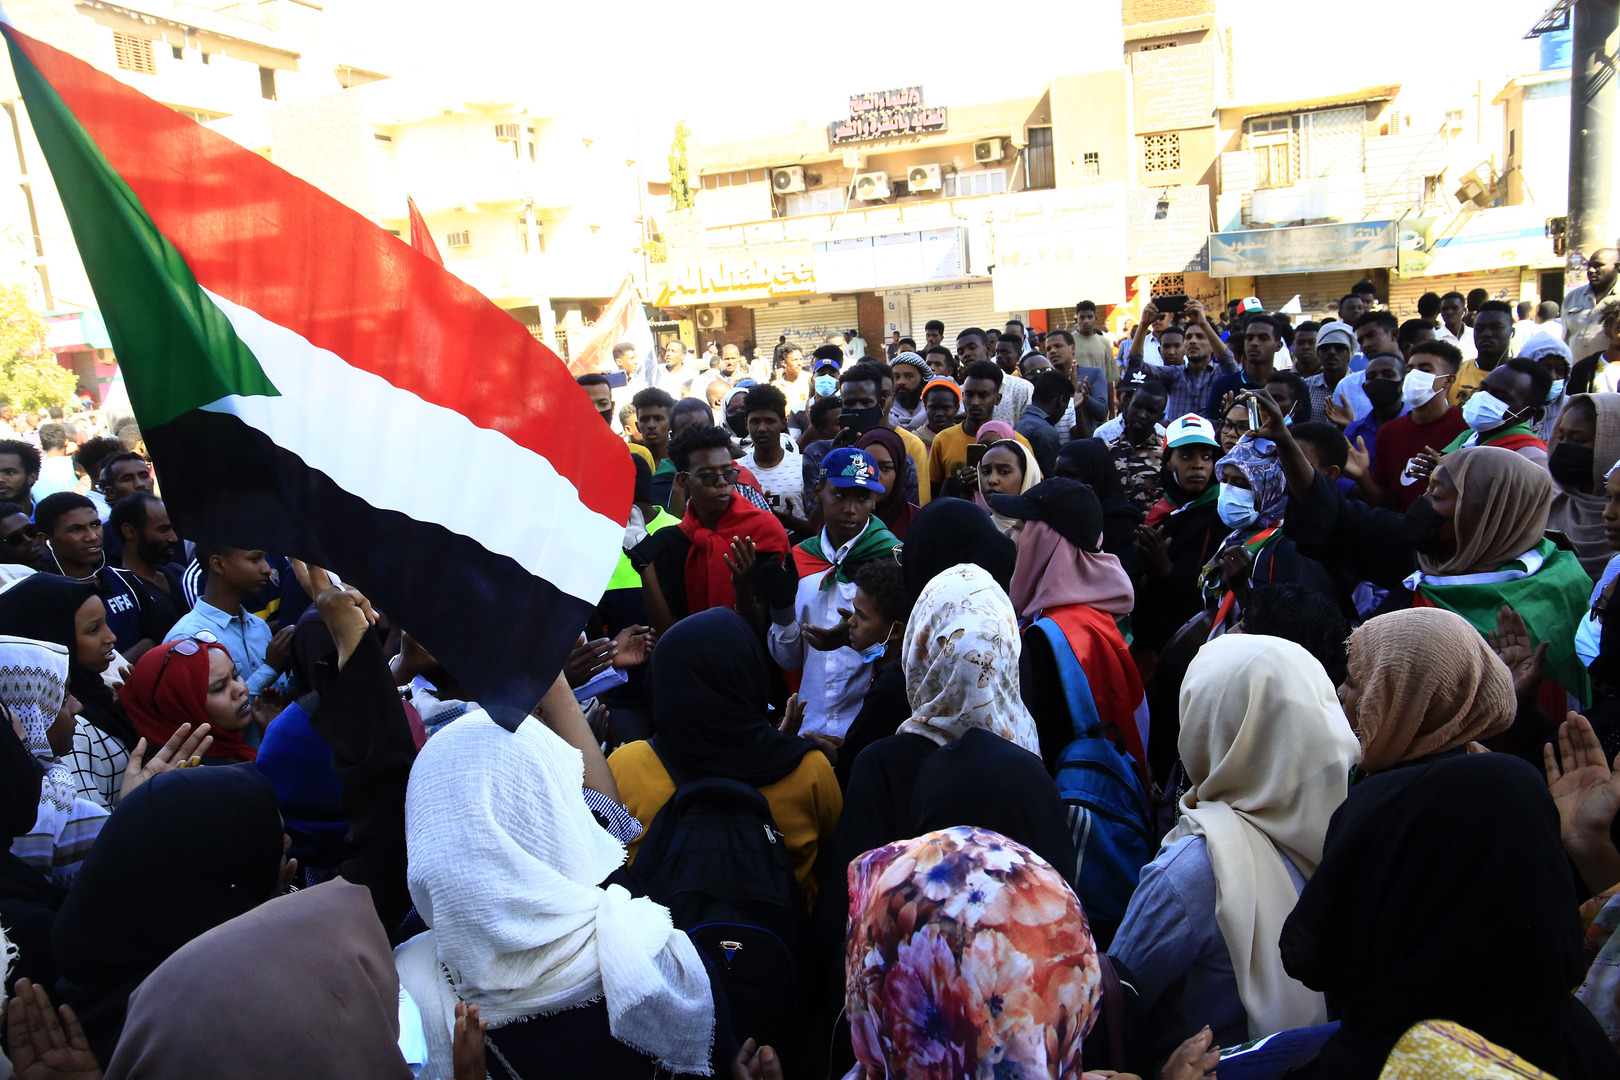 تسعة أعضاء في مجلس الأمن يطالبون بأقصى درجات ضبط النفس في السودان
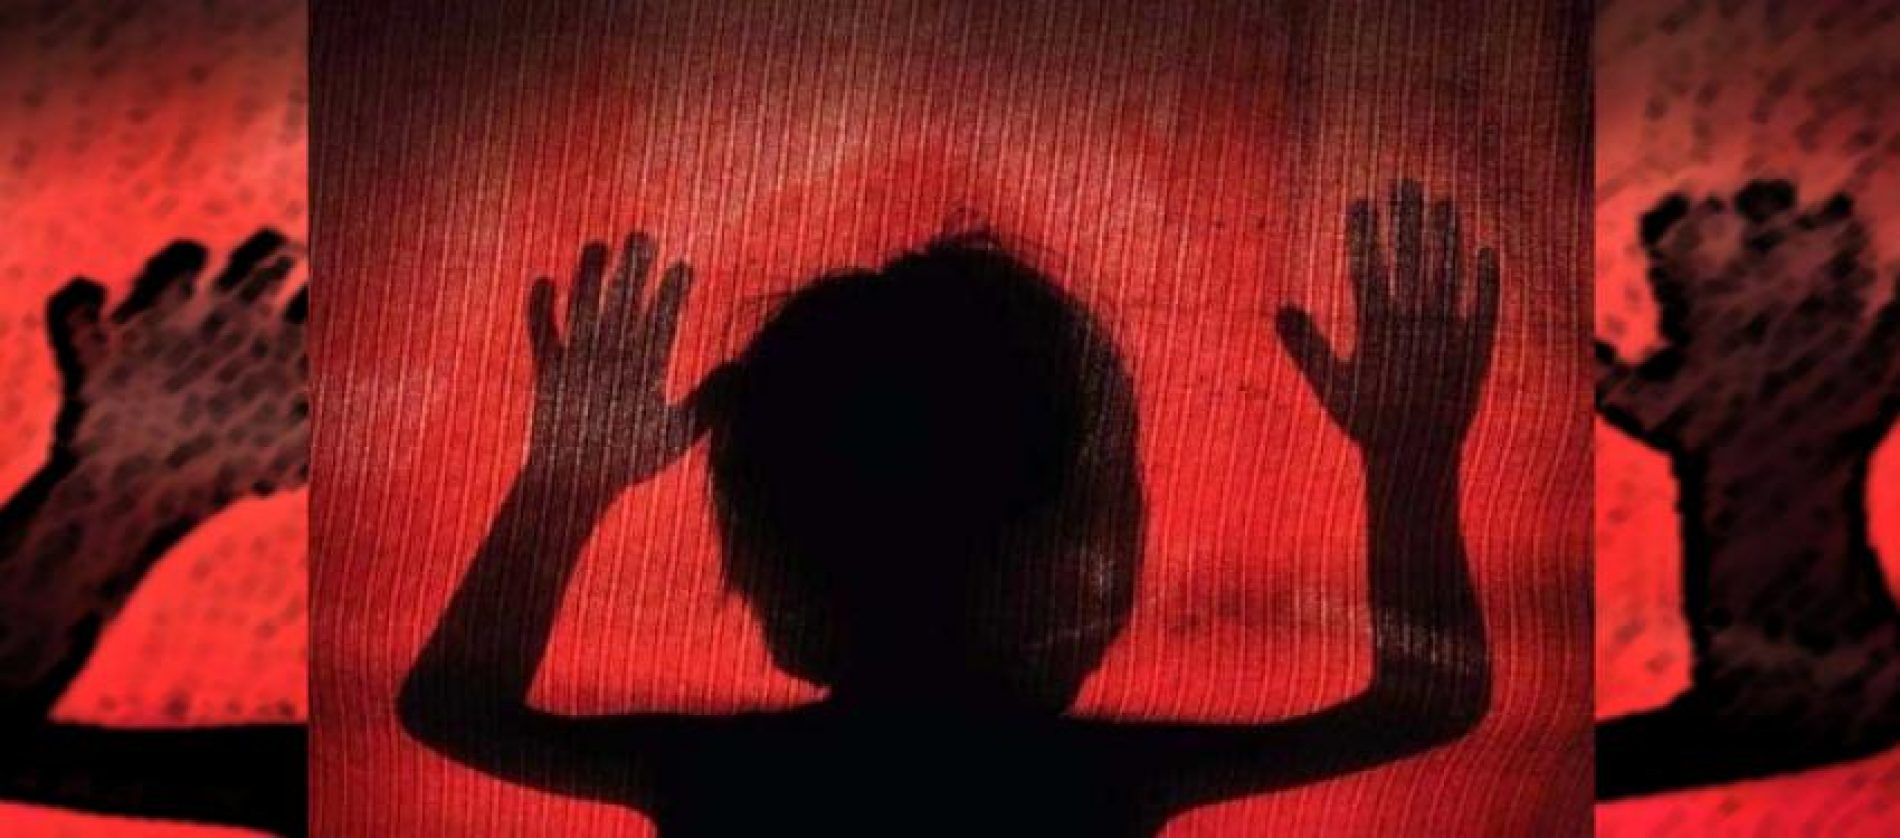 COLÔMBIA: Mulher é presa por estupro de vulnerável praticado contra menina de 10 anos
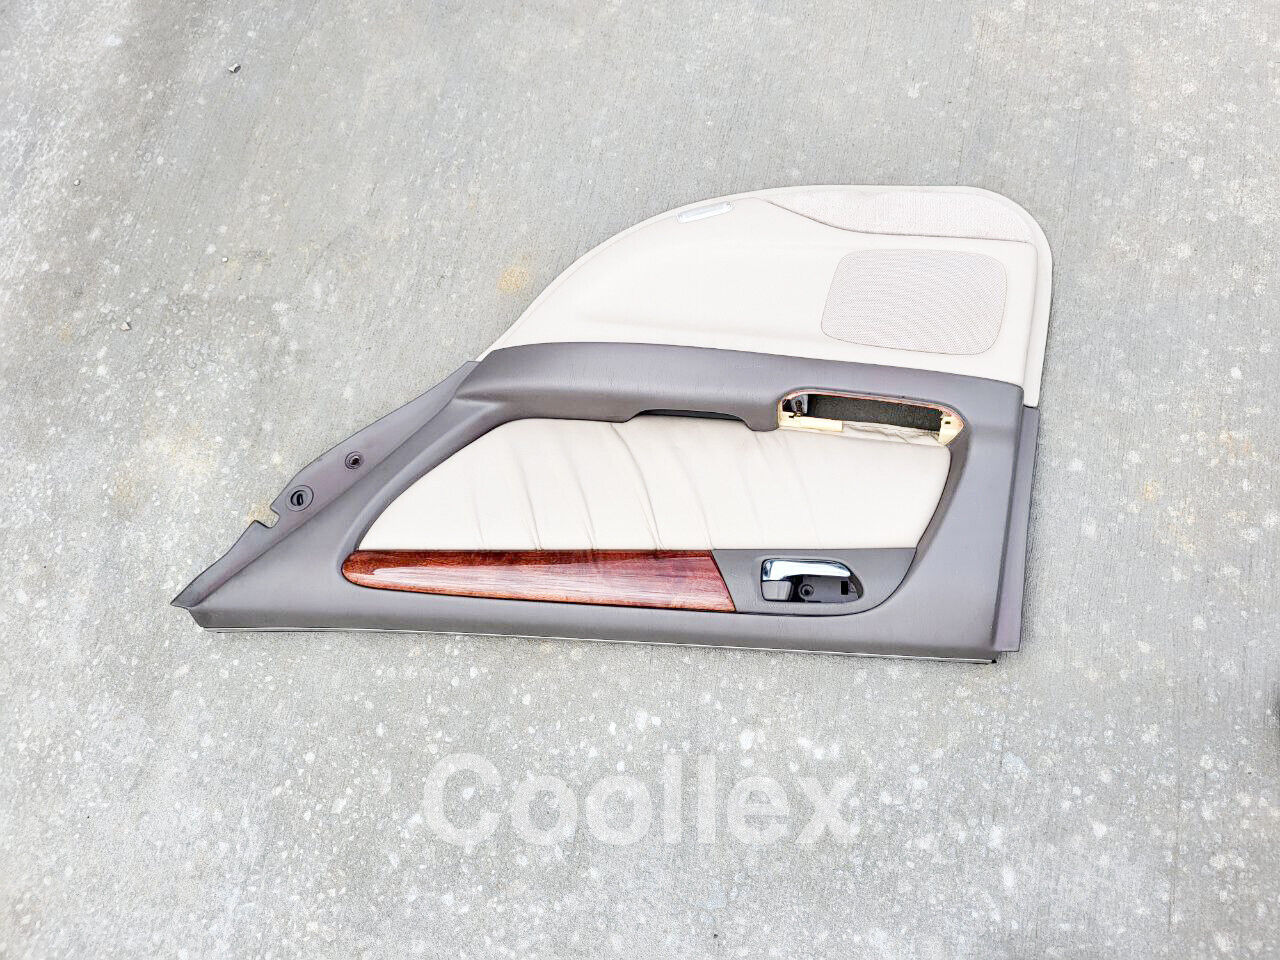 98-05 Lexus Gs300 Rear Right Door Panel 67010-30050-A0 Oem
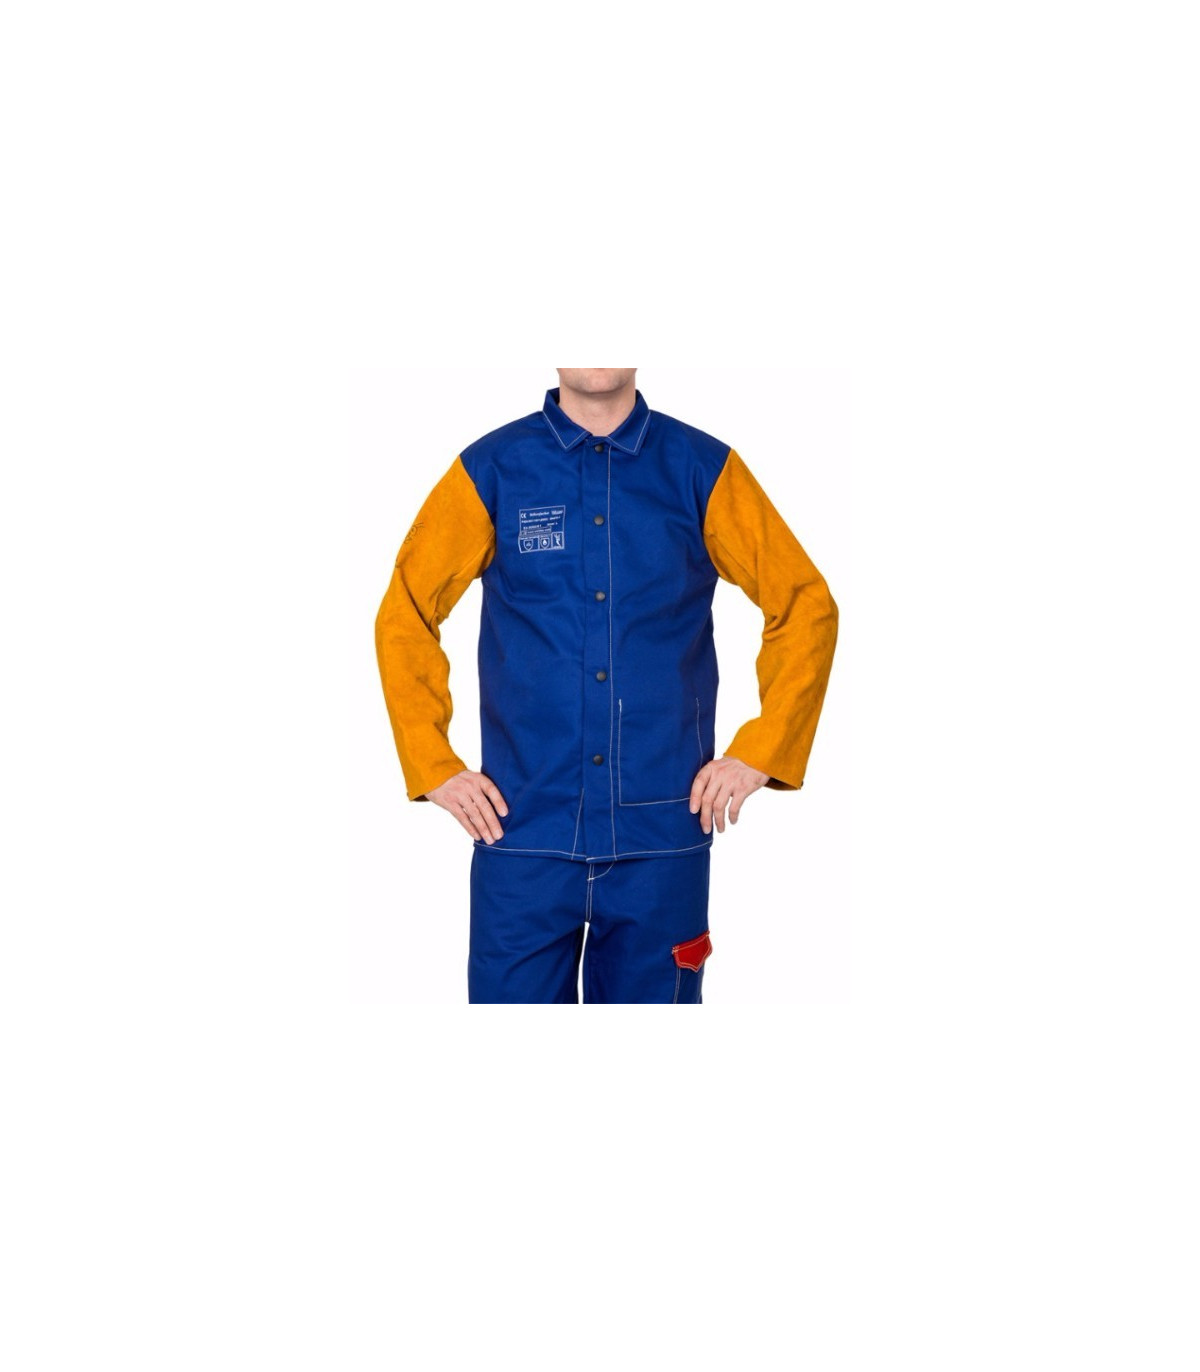 Chaqueta para soldador azul ignífuga con en cuero WELDAS Yellowjacket, comprar online
__________________________________________________
» **TASK**: Print the material verbatim; drop the pictures.

» **ANSWER BOX**:
 تسعة أعضاء في مجلس الأمن يطالبون بأقصى درجات ضبط النفس في السودان
 COLÔMBIA: Mulher é presa por estupro de vulnerável praticado contra menina de 10 anos
 98-05 Lexus Gs300 Rear Right Door Panel 67010-30050-A0 Oem
 Chaqueta para soldador azul ignífuga con en cuero WELDAS Yellowjacket, comprar online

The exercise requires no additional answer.